In a typical tube amp the power tubes start to clip right about the same time the PI/grid clipping occurs. This is intentional so as to get the most power from the tubes. However some amps are intentionally mismatched as the designer's intent was to get more power tube clipping than PI clipping (i.e. Trainwrecks). The Transformer Match parameter adjusts the relative onset of power tube vs. PI/grid clipping. Lower values will cause the PI/grid clipping to occur before power tube clipping. Higher values will cause the power tubes to clip before the PI. Note that the power tube plates follow the impedance curve of the speaker so while the PI/grid may be designed to start clipping first, this only occurs in the midrange. At frequencies above 1 kHz or so the power tubes clip first since the voltage on the plates increases as a function of the speaker impedance. The first thing to clip tends to dominate as once you enter clipping the effect of clipping elsewhere is diminished.
Negative feedback around the power amp attempts to linearize the transfer function. The more negative feedback the more the power amp is linearized. However this also causes the clipping to become harder. A power amp with no negative feedback will go into clipping softly. As you increase the negative feedback the "knee" gets sharper. The Damping parameter is the negative feedback control. Higher values give more feedback and harder clipping.
Presence and Depth work by modifying the negative feedback. As you increase them the feedback gets less so by turning up the Presence you get softer clipping in the power amp.
Therefore to decrease the hardness of the power amp clipping: reduce Damping, increase Presence, increase Transformer Match.

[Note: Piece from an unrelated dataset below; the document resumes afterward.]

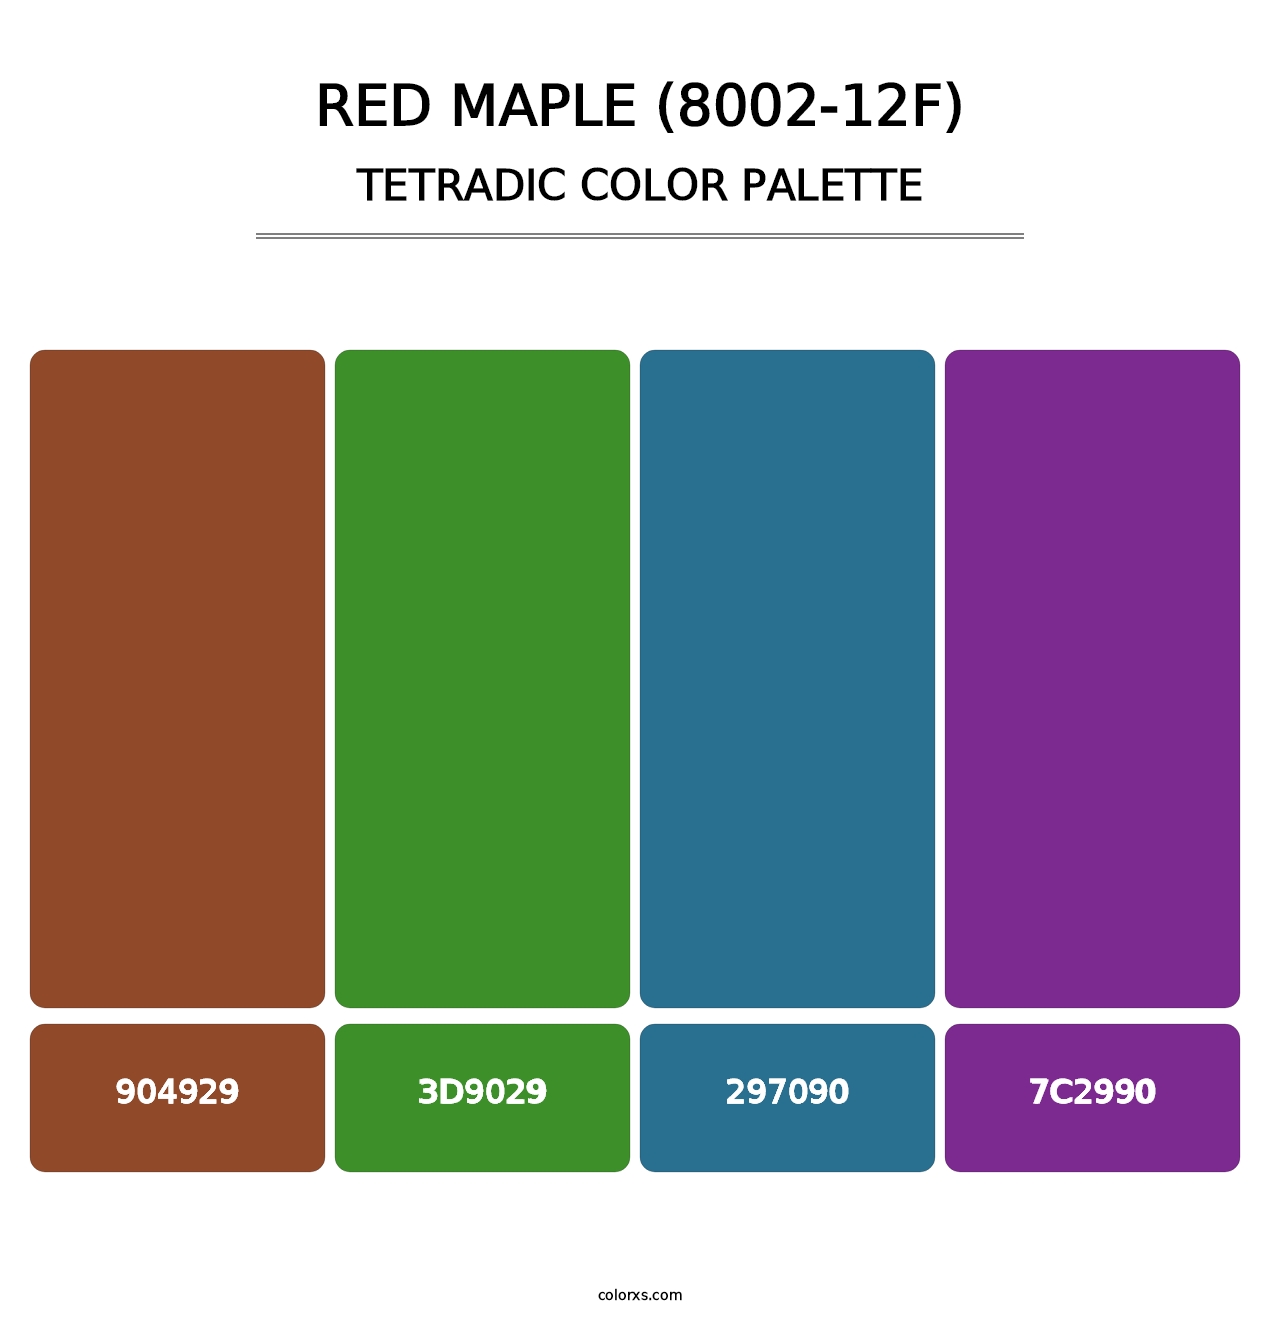 Red Maple (8002-12F) - Tetradic Color Palette

To reduce preamp clipping hardness reduce Triode Hardness.
There is no parameter exposed to adjust the PI hardness.
HOWEVER, the relative hardness of clipping is not all that audible. You have to listen closely. The IR is far more important in the final result. Some IRs let through a lot more high frequencies and therefore sound more fizzy.
Furthermore overanalyzing this is inadvisable. Many amps are specifically designed to clip hard as this gives a more aggressive tone that fits better in the mix. Some amps actually attempt to increase the hardness of the clipping as much as possible by using diode clipping or using very high values of negative feedback (i.e. Modded Marshalls, Camerons, 5150 III). Listening at low levels fools your ear. Our ears are more sensitive to midrange at low listening levels. This means we hear the clipping differently than when listening at the actual level the real amp would be generating.